Instructions for the task
Transcribe every entry verbatim; omit pictures.

[Given data Boundary: Start]

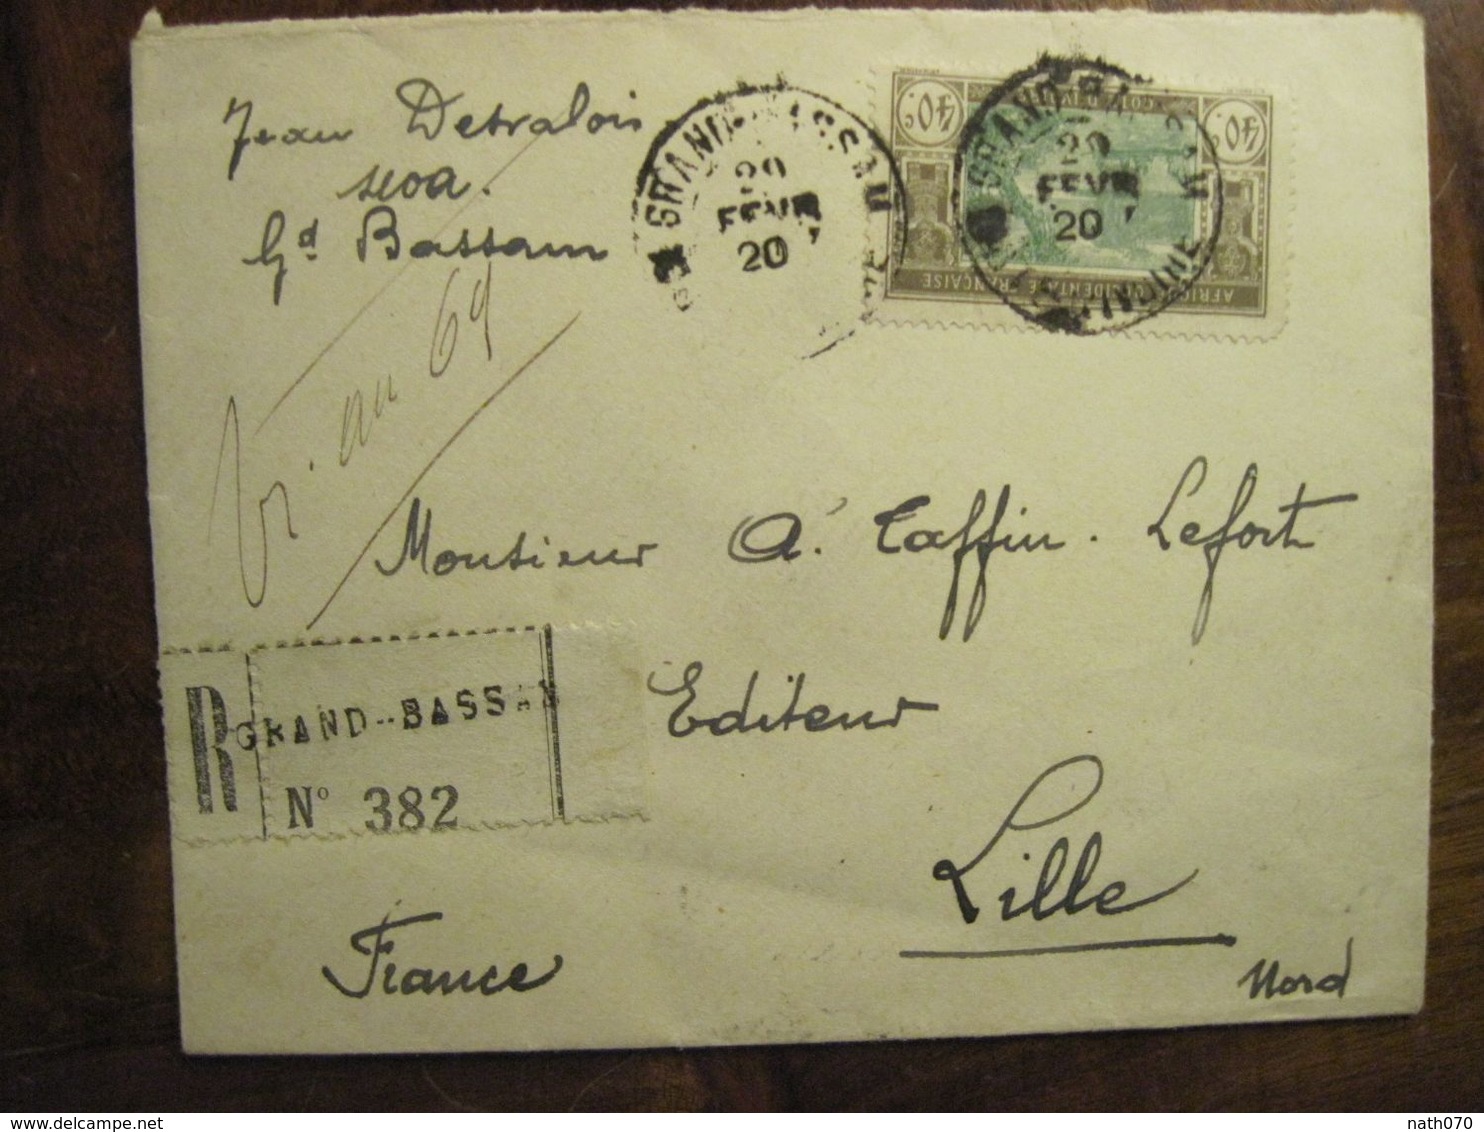 Cote D'Ivoire 1920 France Grand Bassam Lettre Enveloppe Cover Colonie Recommandé Reco AOF Taffin Lefort - Briefe U. Dokumente
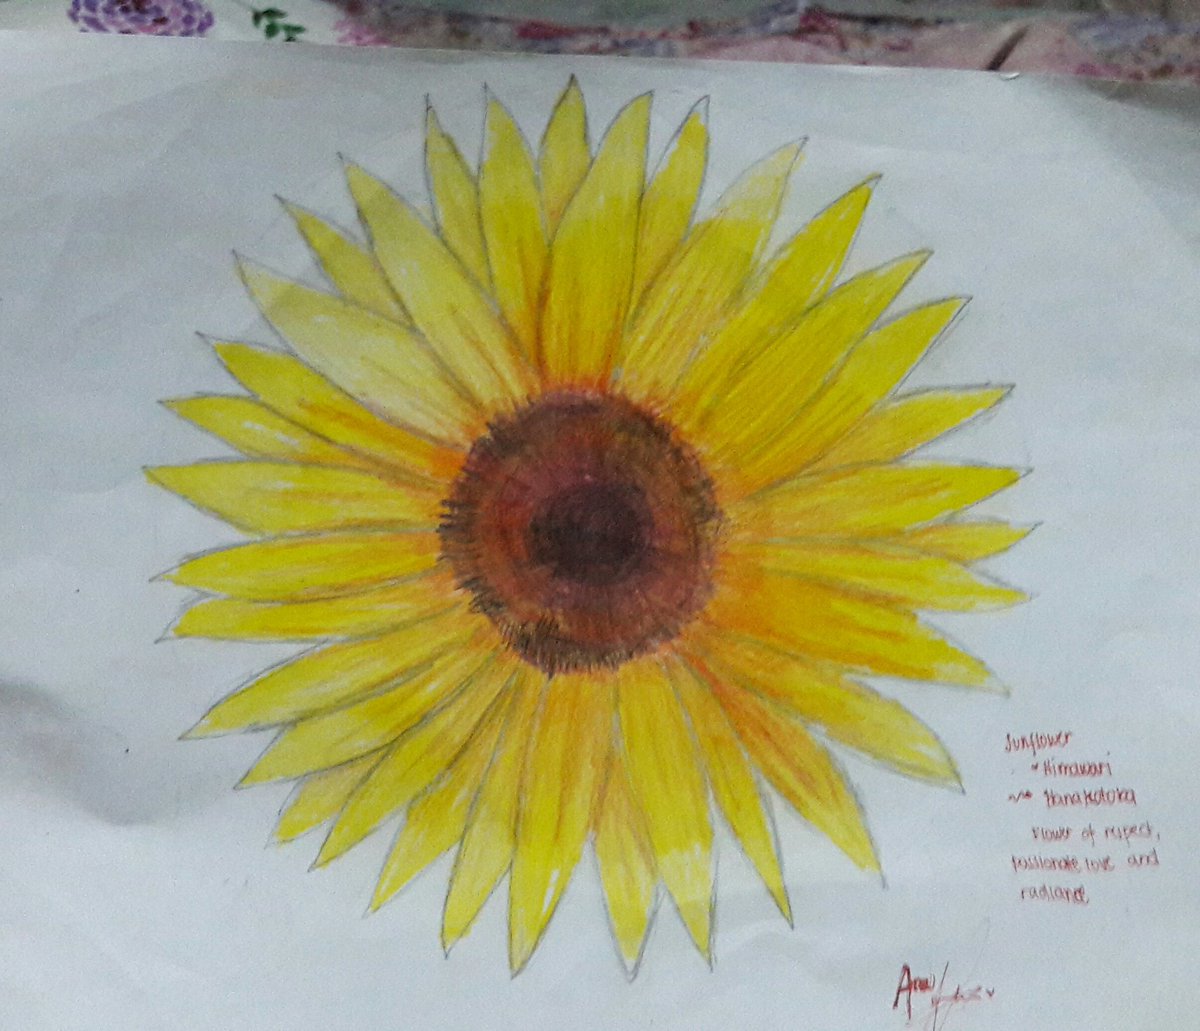 Hanakotoba:
Sunflower / Himawari
Respect, Passionate Love and Radiance
#Hanakotoba #MeaningOfFlowers
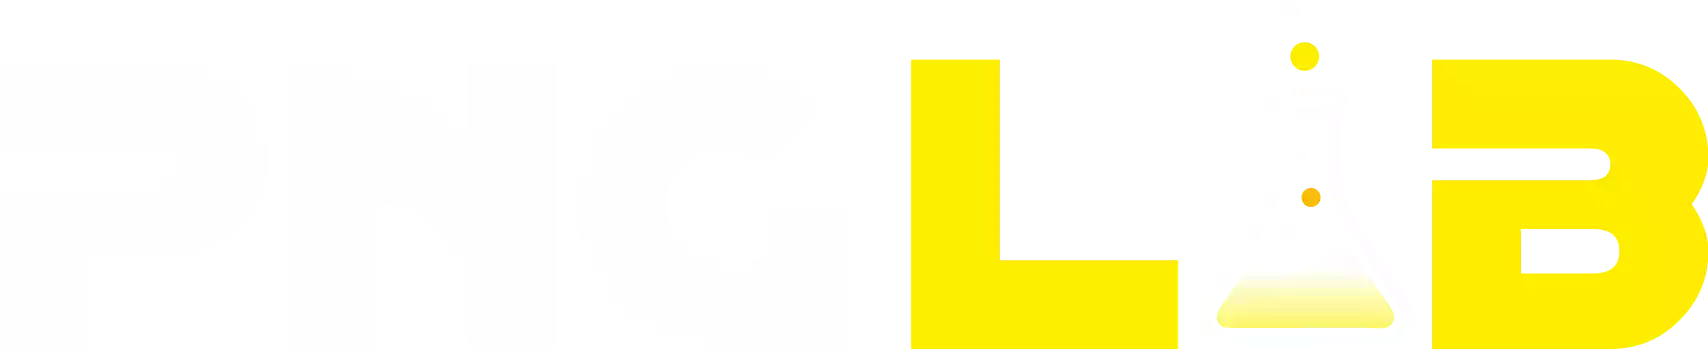 png-lab-logo
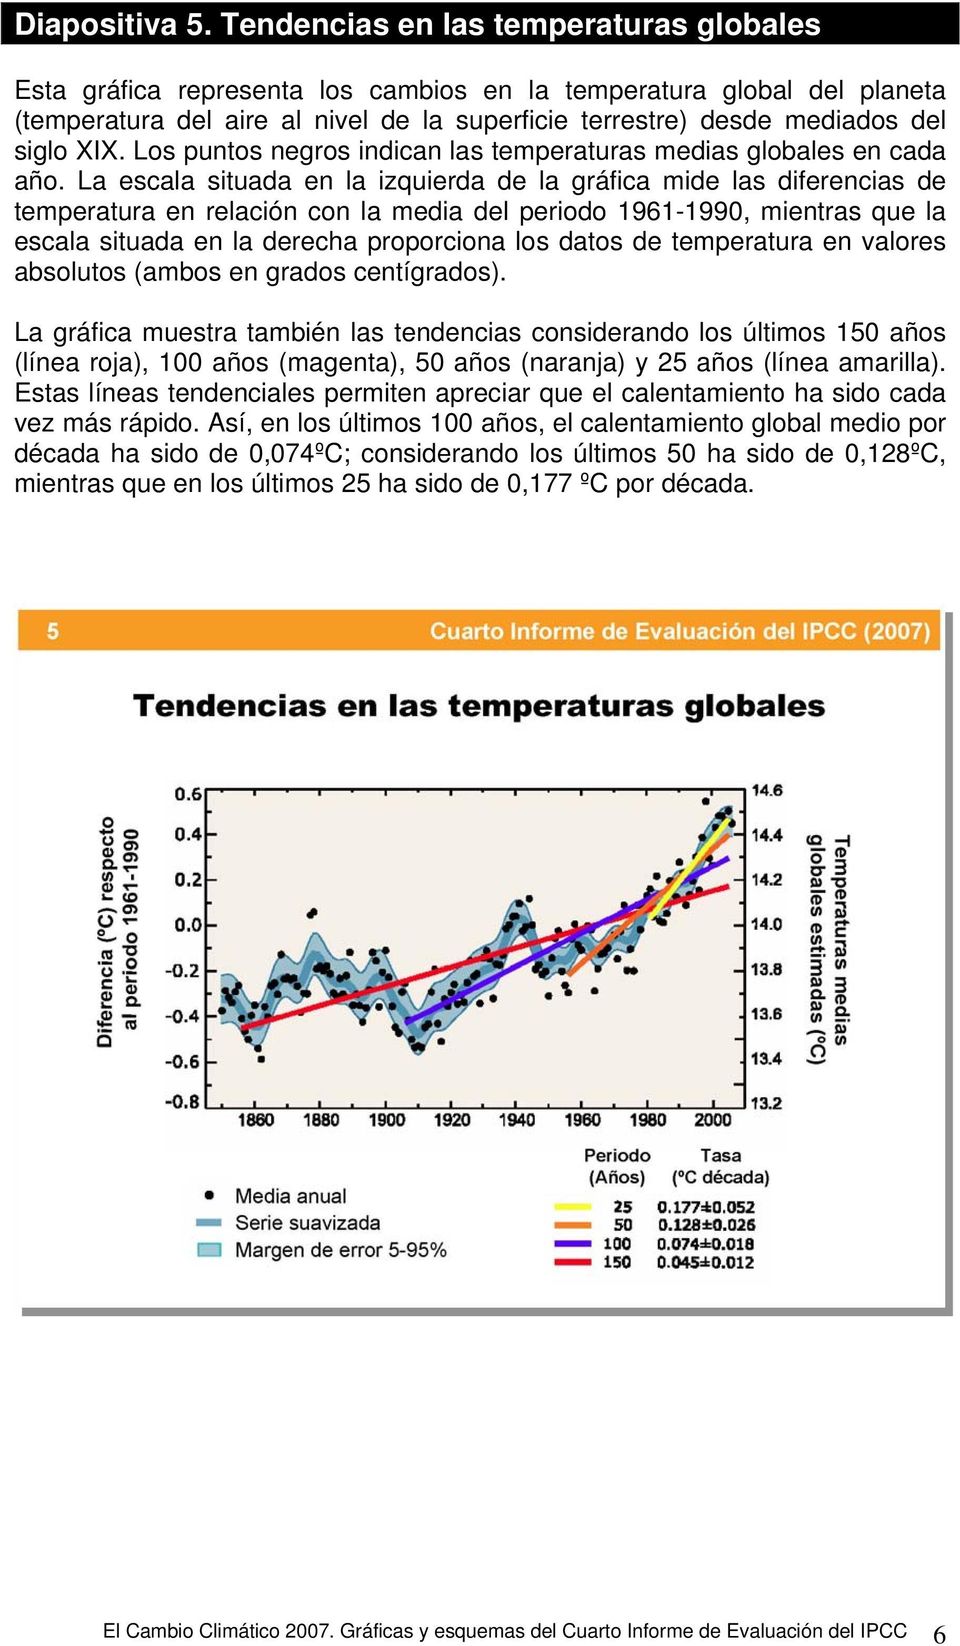 XIX. Los puntos negros indican las temperaturas medias globales en cada año.

[Given data Boundary: End]

Result of the task
 Cote D'Ivoire 1920 France Grand Bassam Lettre Enveloppe Cover Colonie Recommandé Reco AOF Taffin Lefort - Briefe U. Dokumente
 Hanakotoba:
Sunflower / Himawari
Respect, Passionate Love and Radiance
#Hanakotoba #MeaningOfFlowers
 png-lab-logo
 XIX. Los puntos negros indican las temperaturas medias globales en cada año.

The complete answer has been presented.